"Sesuai kesepakatan semalam, hari ini kita akan mengadakan ulangan harian. Ibu tidak mau alasan apapun. Termasuk, belum siap karena belum belajar."
Mendengar ucapan guru Fisika tersebut, semua siswa-siswi di ruangan kelas ini mendadak grasak-grusuk. Aku berbalik, David tersenyum kemudian mengepalkan tangannya ke atas, seakan-akan dia mengatakan untuk 'semangat.' Mungkin?
Aku tersenyum simpul. Mengingat kami berdua sudah pacaran saat ini. Di mulai dari semalam, hehehe. Begitu soal di berikan di hadapan, aku segera mengerjakannya. Mengerjakannya dengan semampuku. Tidak mudah. Tidak sulit juga.
Aku berusaha mengerjakan soal tersebut sesuai apa yang di ajari David. Semuanya terlihat lebih mudah. Menit ke menit berlalu, David segera maju ke depan untuk mengumpulkan jawabannya. Semuanya mendadak panik.
"Agoh, belum siap aku."
"Bagi punya kau lah."
"Apa pulak, punya ku kosong."
Begitu percakapan yang terdengar. Hingga guru Fisika memukul meja, menyuruh untuk tenang. Tiga soal belum terjawab. Aku menatap soal itu baik-baik.
"Kalau kau susah hafal rumusnya, kau ingat aja wajahku baik-baik. Nanti pasti ingat," begitu ucapan David, kemarin di perpustakaan. Nyaris membuatku tersenyum.

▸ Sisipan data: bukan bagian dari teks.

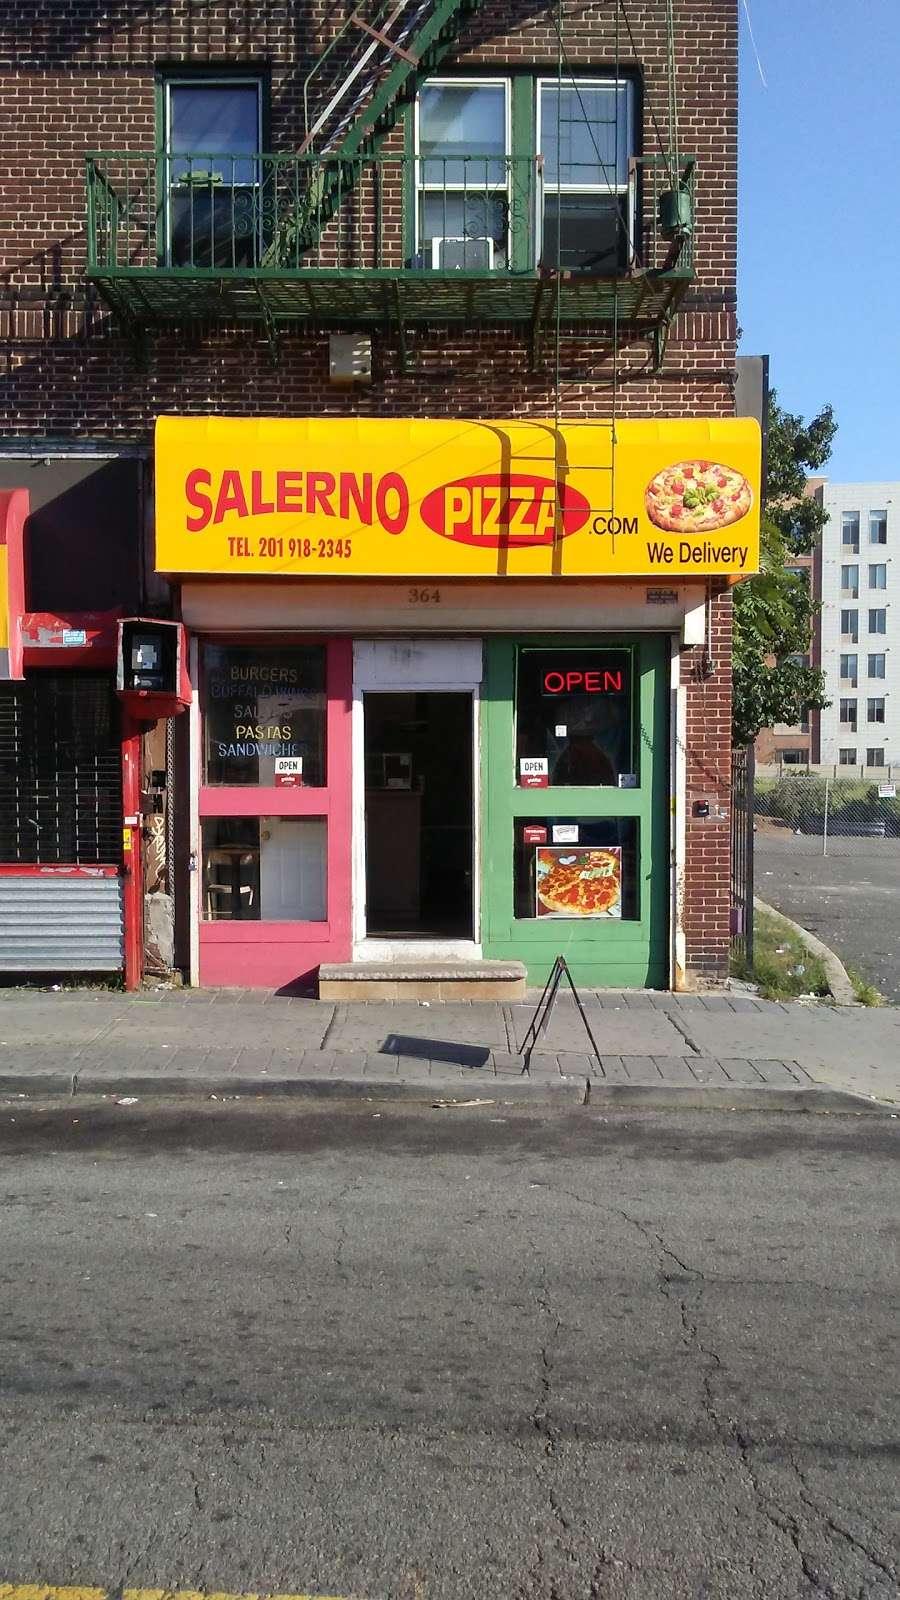 Salerno Pizza - meal delivery  | Photo 2 of 10 | Address: 364 Summit Ave, Jersey City, NJ 07306, USA | Phone: (201) 918-2345

Segera aku memusatkan pikiranku, hingga pada akhirnya rumus itu seketika muncul di pikiran. Segera ku pakai untuk mengerjakan soal.
Dan yap!
Hasilnya ada di obsen. Segera ku bulati huruf C di soal. Lanjut ke dua soal terakhir.
Ku kerjakan semampuku, hingga akhirnya selesai juga. Aku segera maju ke depan, di susul oleh Ida, Ridwan dan yang lainnya. Ulangan hari itu berakhir cukup memuaskan menurutku.
***
"Nggak ke kantin kau?" tanya Ida sembari merapikan dasinya. Aku menggeleng kecil. "Lagi mager aku, Da. Kau sama yang lain aja dulu," sahutku. Ida menaikkan sebelah alisnya. "Yaudah. Nggak sekalian nitip?" Kembali dia bertanya. Ku tanggapi dengan gelengan kecil.
Ida pada akhirnya berlalu pergi dengan yang lain. Aku hendak melangkah ke kamar mandi, namun David malah duduk di bangku Ida. Dia menatapku. "Kenapa ga ke kantin?" tanyanya.
Aku mengedikkan bahu. "Ga lapar," jawabku. David mengangguk kecil. "Jadi .... Kau mau ke?" Pertanyaan David ku tanggapi dengan helaan napas. "Kamar mandi. Kenapa? Mau ikut?" tanyaku.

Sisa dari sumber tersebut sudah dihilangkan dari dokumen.